A continuación de la cabeza se sitúa la segunda parte, que constituye el cuerpo del insecto y que denominamos tórax. De cada lado del tórax salen tres patas articuladas, de modo que con una sencilla multiplicación obtenemos como resultado las seis patitas que caracterizan a los insectos. Las extremidades de los insectos están divididas en cinco elementos de diferente longitud y, del mismo modo que sucede con el aparato bucal, presentan múltiples adaptaciones al modo de vida del animal. Largas patas saltarinas en pulgas y saltamontes, terroríficas patas anteriores que emplean las mantis para cazar, patas a modo de aletas con que los garapitos se desplazan por el agua a lo Michael Phelps, o patas como palas excavadoras con las que elabora sus guaridas subterráneas el alacrán cebollero. También de cada lado del tórax salen un par de alas, aunque lo cierto es que algunos insectos como los pececillos de plata nunca las han desarrollado; otros, como las pulgas y los piojos, las han perdido a lo largo de la evolución; muchos, como los escarabajos o las cucarachas, han endurecido las alas anteriores y ya no les sirven para el vuelo; e incluso expertos voladores como las moscas, los mosquitos y las típulas* han transformado las alas posteriores en una especie de balancines que los equilibran y ayudan durante el vuelo.

El abdomen conforma la parte posterior del cuerpo de un insecto, y está formado por once segmentos carentes de apéndices locomotores pero repletos de espiráculos por los que penetra el aire al aparato respiratorio del insecto.
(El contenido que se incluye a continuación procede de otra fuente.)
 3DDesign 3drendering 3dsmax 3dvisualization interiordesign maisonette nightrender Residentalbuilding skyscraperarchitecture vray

En su interior se emplazan la mayoría de los órganos del animal, gran parte del aparato digestivo y del sistema nervioso, los órganos de la excreción y las gónadas reproductoras. Estas últimas se localizan en el noveno segmento en los machos y en el octavo en las hembras, quienes además presentan en el extremo un ovopositor, muy destacado y fácilmente observable en los grillos y en las avispas parásitas.
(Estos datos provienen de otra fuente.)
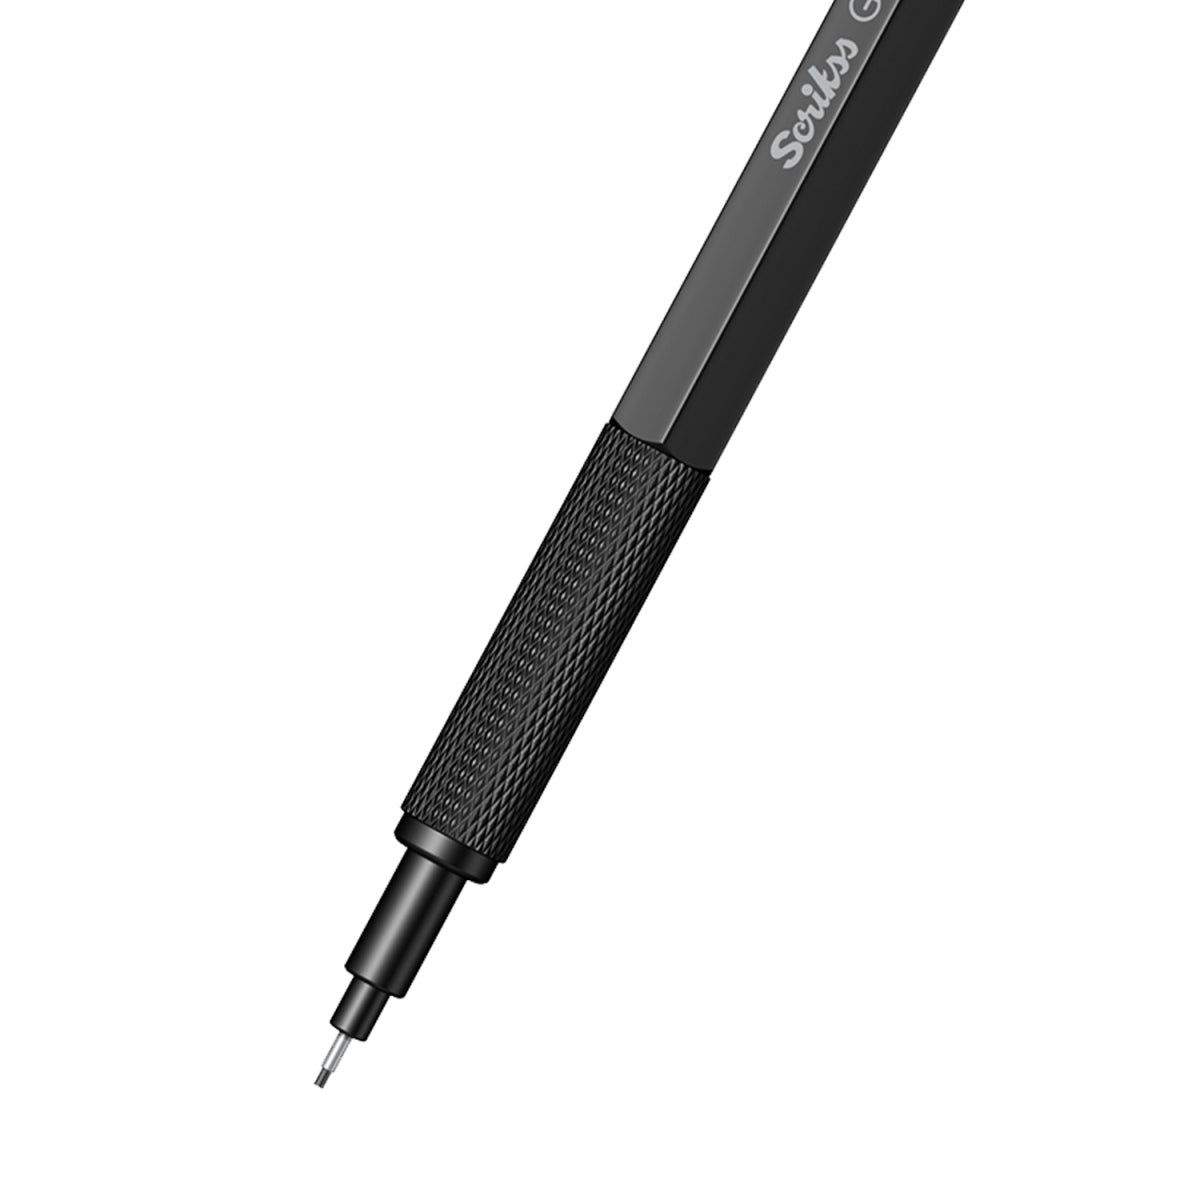 Scrikss Office Graph-X Matt Black Brass Plated Mechanical Pencil with 0.5mm Lead of Grade 2B, Mini Interchangeable Eraser, Push Mechanism, Brass Plated Swing Grip.

Los insectos son de lejos los artrópodos más abundantes, han colonizado todos los medios: tierra, agua y aire, por lo que probablemente sea con uno de ellos con el primero que te des de bruces al buscar bichitos en casa. Solo que si en vez de tener seis patas resulta que cuentas hasta ocho, te habrás encontrado con otra clase de artrópodos conocidos como, ¡no grites!, arácnidos.

Aunque este nombre parece conducir inevitablemente hasta arañas y escorpiones, lo cierto es que ácaros, garrapatas, opiliones y solífugos también son arácnidos. Estos bichos, además de las ocho extremidades articuladas (seis en las garrapatas en su fase larval), tienen el cuerpo dividido en tan solo dos partes: el cefalotórax y el abdomen.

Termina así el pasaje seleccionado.